Todo ello nos hace pensar que en el cerebro humano no existe un único reloj biológico que
marque el tiempo subjetivo, sino quizá diferentes relojes que incluso pueden no estar
sincronizados. De hecho, son muchas las partes del mismo que han sido involucradas en la
percepción del tiempo. Entre ellas podemos citar, además de las cortezas auditiva y visual, la
corteza prefrontal, los ganglios basales e incluso el cerebelo. Una amplia red de neuronas podría
estar entonces implicada en la percepción subjetiva del tiempo. Con todo, hay una cierta
especialización funcional, pues sabemos, por ejemplo, que la corteza visual es necesaria para que
percibamos la duración de una imagen pero no para percibir la de un sonido. Sin embargo, todavía
no sabemos cómo puede representarse en esa o en otras partes de la corteza cerebral el tiempo
percibido para cada evento. El cómo esa representación ocurre podría explicar mucho de lo que
conocemos por experiencia sobre la percepción del tiempo, como el que nos equivocamos más
cuando los tiempos a medir son más largos o, como ya dijimos, cuando no le prestamos suficiente
atención a la duración de lo que sea. El cerebro, en cualquier caso, debe de funcionar bien para
que podamos percibir el tiempo con precisión. Los niños de menos de ocho años tienen una
precisión temporal pobre, debido probablemente a falta de madurez de los circuitos neuronales
que lo permiten, y al llegar la vejez hay también cambios neuronales que hacen que los
marcadores internos se enlentezcan haciendo que el tiempo subjetivo pase más rápido. Es
entonces cuando los años se hacen cortos y la vida en general va más deprisa.

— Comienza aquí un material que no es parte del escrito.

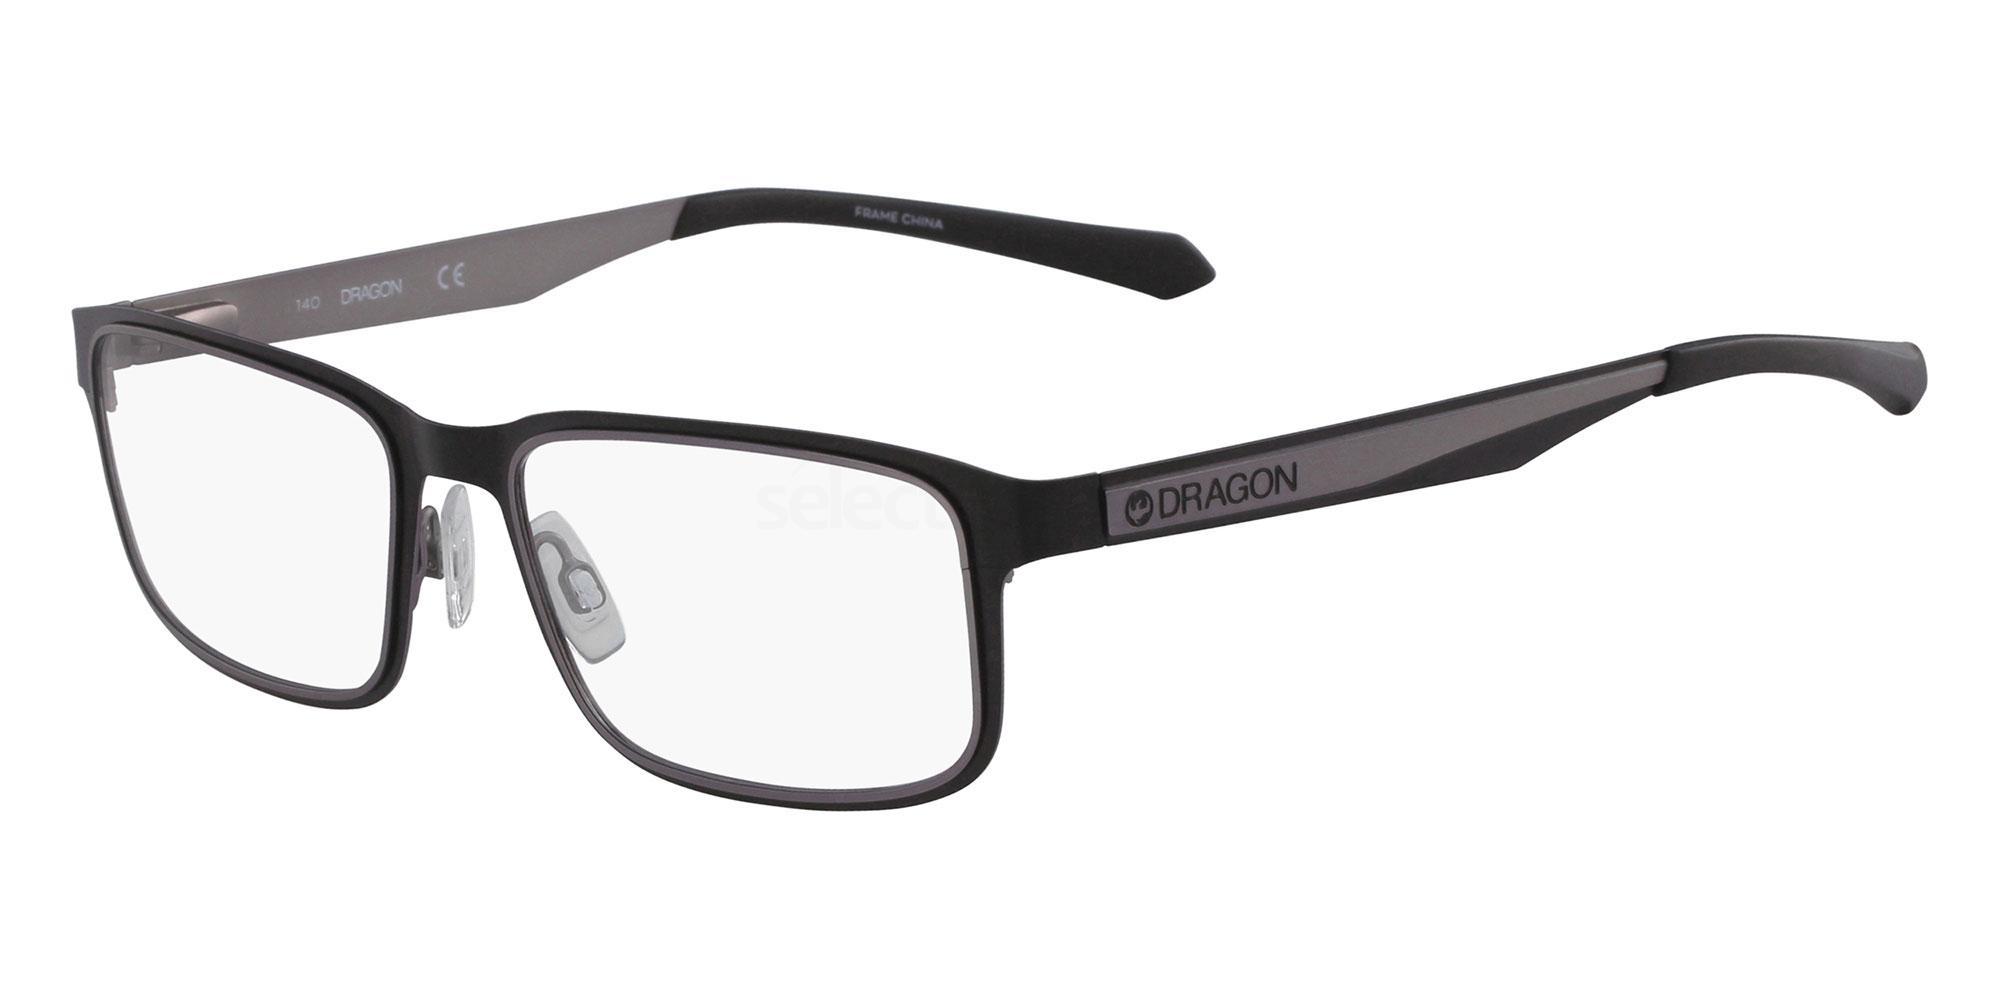 002 DR177 PAUL Glasses, Dragon

Las observaciones y razonamientos anteriores nos ayudan a comprender el valor que tiene la
percepción del tiempo en nuestras vidas. Es por ello que controlar los factores que influyen en esa
percepción resulta muy importante para nuestra salud. Como muy bien ha explicado el profesor
Ramón Bayés (El reloj emocional; Barcelona: Alienta Ed. 2007), gestionar el tiempo interior, es
decir, el que apreciamos subjetivamente, es algo muy importante para conseguir bienestar. El
tiempo que percibimos no siempre coincide con el deseado. A veces queremos que corra y en
muchas ocasiones desearíamos detenerlo. Conocer sus características y razonar sobre los factores
que determinan el tiempo subjetivo puede ayudarnos a equiparar el tiempo que sentimos con el
esperado, o a modificar nuestro sentimiento para adaptarlo al tiempo objetivo, al que marcan los
relojes. Cuando no es así se disparan los sistemas emocionales del cerebro y si ello perdura se
genera un estado de estrés que perjudica nuestra salud. El lector debe recordar que en situaciones
de estrés las glándulas suprarrenales liberan hormonas como el cortisol que dañan el organismo
ya que pueden producir alteraciones cardiovasculares, depresión del sistema inmunológico y
muerte de neuronas en el cerebro. En general no es bueno estar muy pendientes del tiempo. El
trabajo a destajo o contrarreloj es un buen ejemplo, pues cuando se perpetúa puede acabar
castigando al organismo y debilitando la salud somática y mental de quien lo realiza. Controlar
nuestros tiempos o, por lo menos, tener la sensación de que los controlamos, es un factor clave
del bienestar somático y mental de las personas.